Google Drive
The Google Drive Cloud Sensor uses Google Workspace APIs to provide visibility into file activities within Google Drive. It enables Cyberhaven to capture and correlate user activity across browser and cloud surfaces, even when endpoint sensors are not present.
Requirements
- A Google Workspace Admin account.
- Permissions to enable Domain-wide Delegation in the Google Admin Console.

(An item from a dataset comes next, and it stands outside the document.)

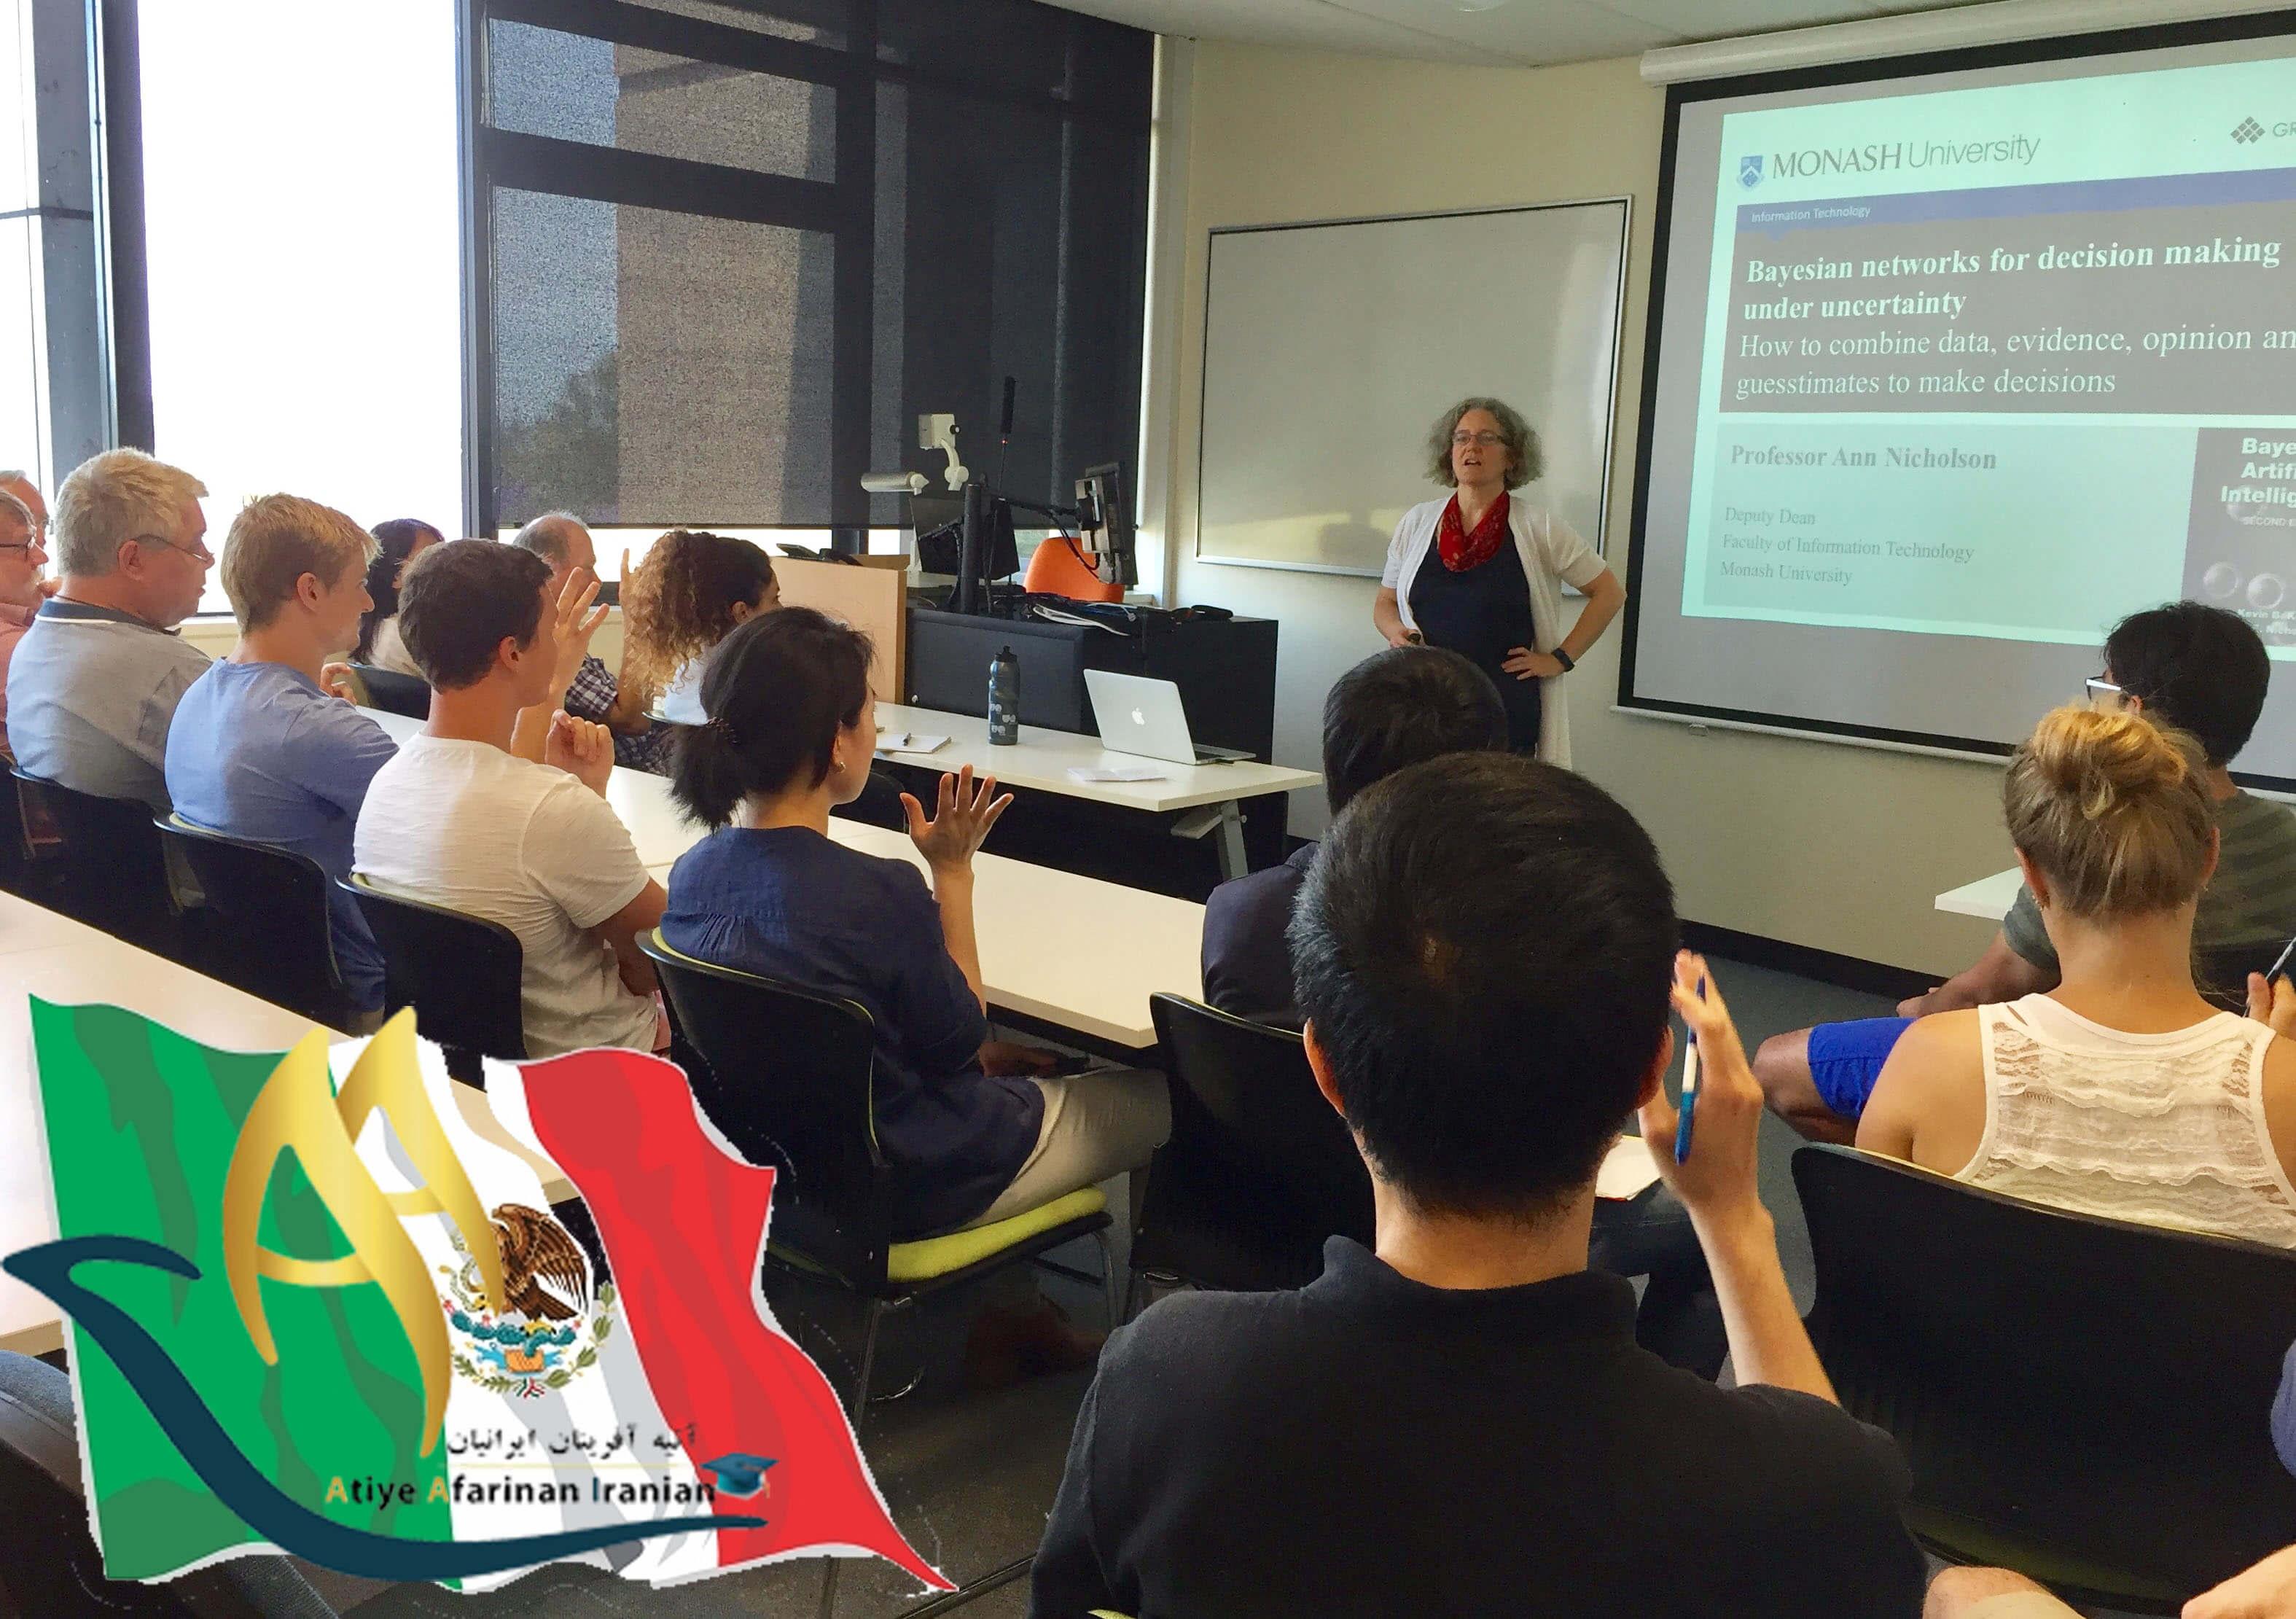 تحصیل دکتری در مکزیک

- Google Drive Cloud Sensor enabled in your Cyberhaven tenant (contact Cyberhaven Support to enable it on the backend).
Required Permissions
| Permission | Requirement |
|---|---|
https://www.googleapis.com/auth/admin.reports.audit.readonly | Access audit logs that record user file activities such as downloads, uploads, shares, and deletions for lineage and sensitive data movement detection |
https://www.googleapis.com/auth/admin.directory.domain.readonly | Retrieve domain-level metadata, including domain names and user associations, ensuring accurate policy enforcement |
Network
Security exclusions
Limitations
- Copy actions appear as two separate events (source and new copy) and are not linked in lineage.
- Upload/download events may incorrectly show device as “Unmanaged” even if managed.
- Files accessed through Google Drive Sync client are not captured.